A brief thought about Arrival
Like more than half of its audience, I’ve been thoroughly hung up on the film Arrival since seeing it at the cinema a few weeks ago. It’s an incredibly haunting piece of cinema and is probably going to be one of my favourite films of the year, if not longer.
Ian Donnelly: Language is the first weapon drawn in a conflict. Dr. Louise Banks: That’s quite a greeting. Ian Donnelly: Yeah, well, you wrote it.
I’ve been thinking particularly about the moment where Louise (Amy Adams) is talking about the way different countries are engaging with the aliens in ‘their’ shells and mentions that the Chinese are playing mah-jongg with them. The fact the way we communicate with each other and the language we use has an effect on any relationship is a key theme of the film - and at that moment Louise is talking about how one relationship is being built in a language of war: tension, winners and losers. The contrast within the film is with Louise’s empathetic approach to learning the alien language, and ultimately their way of seeing the world. It’s with her willingness to fundamentally rewire herself by - in the film’s imagery - literally entering a sliver of another world.

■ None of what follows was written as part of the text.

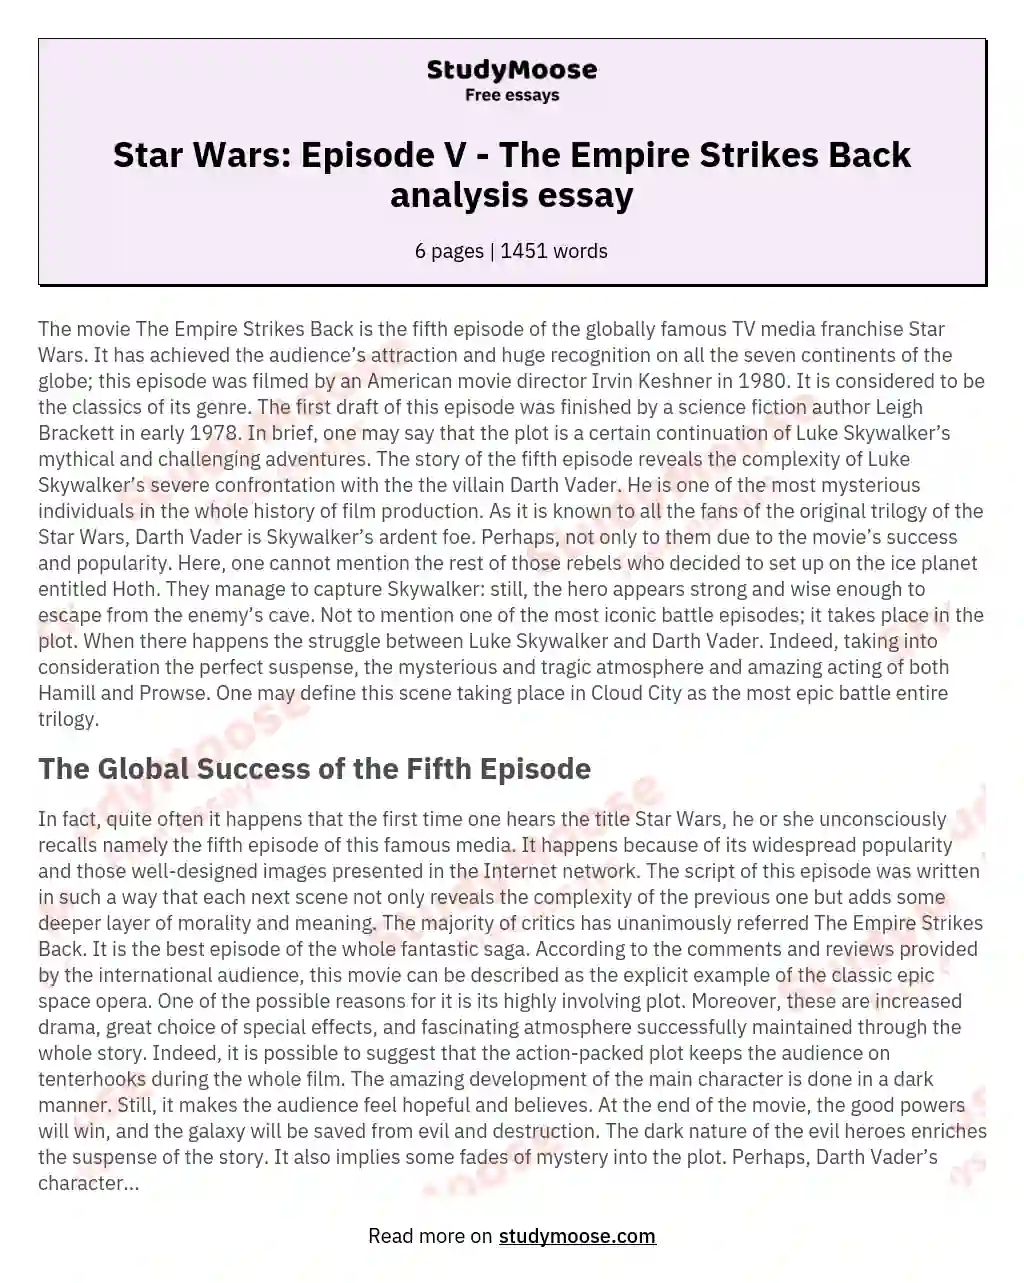 Star Wars: Episode V - The Empire Strikes Back analysis essay

This whole idea has hit, tangentally, at the bit of my life that thinks about how we talk about religious belief. In particuar it’s got me thinking about the ways in which we articulate what we belief and define what it means to be a believer of a particular faith. Arrival reminded me that the way we believe and think and talk about that belief depends hugely upon the language we have at our disposal. It also reminded me and that overcoming those differences takes deliberate effort and will change us and the way we see the world, probably irrevocably.

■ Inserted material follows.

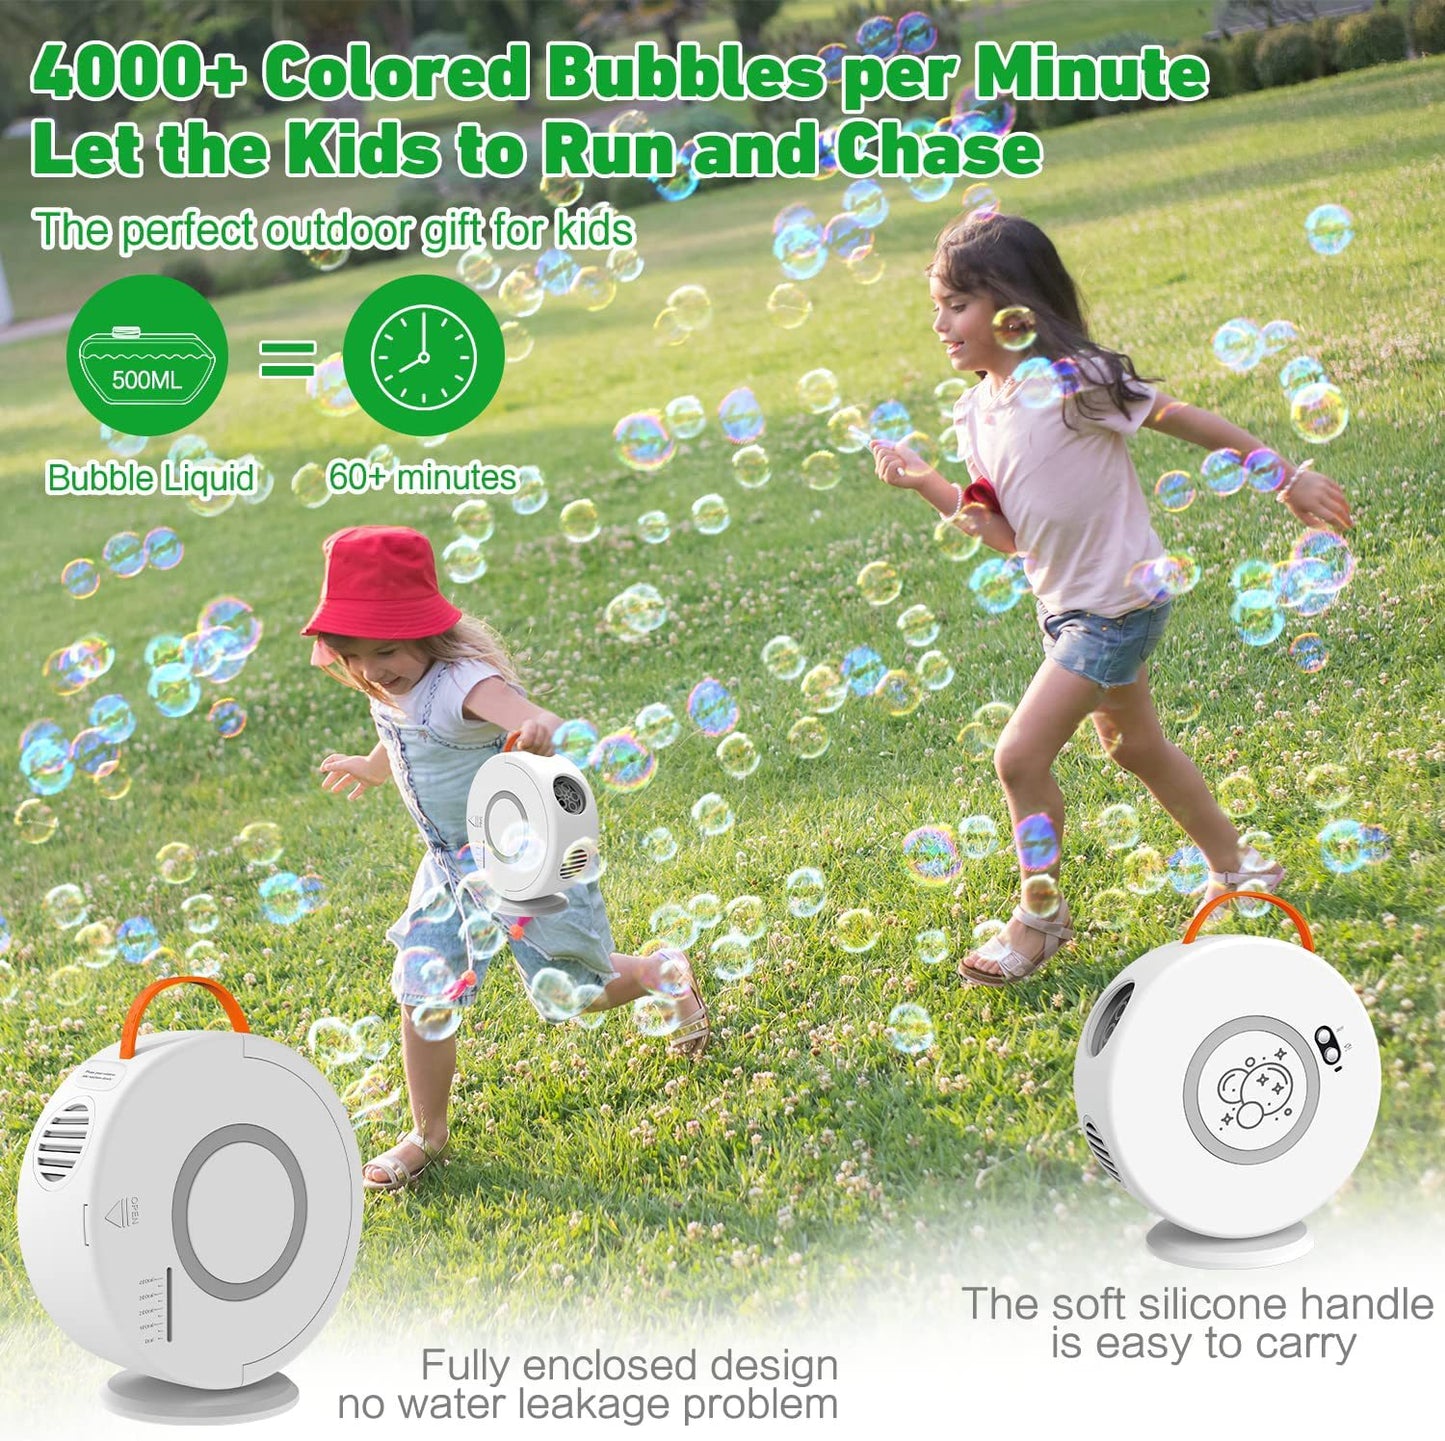 Rechargeable Bubble Machine: Endless Bubbles for Kids' Outdoor Fun

It hit a nerve, because I’ve been thinking about this formulation and articulation of belief in the context of conversations about beliefs within Christianity - which, you might have noticed, tend to get a little bit fraught at times. As so I’m musing thus:
how does any language shape the way we develop our beliefs and our ways of thinking about them and explaining them to others? (Send me your linguistics experts).
Given that it must, how then can anyone say with any certainty that they know the right beliefs (or right expression of beliefs) of any faith?
How thoroughly impossible must this be for Christianity - where, unless you’re fully fluent in Hebrew and New Testament Greek (and by this I do mean thinking as well as speaking), you are always working in translation - and thus at two removes from the Word?
There seems to be a human instinct to pursue truth and meaning - and to seek the security of certainty and right-ness about what you belief about the world and the way you live in it. And yet it rarely seems to lead to much other than division and exclusion - perhaps because we often literally can’t make the mental leaps required to jump the language barriers and we don’t want to try. Arrival suggests that doing so requires leaving the comfort of your own atmosphere to enter that of someone else.
Dr. Louise Banks: This is just a way to force us to work together for once. Agent Halpern: It’s more complicated than that. Dr. Louise Banks: How is it more complicated?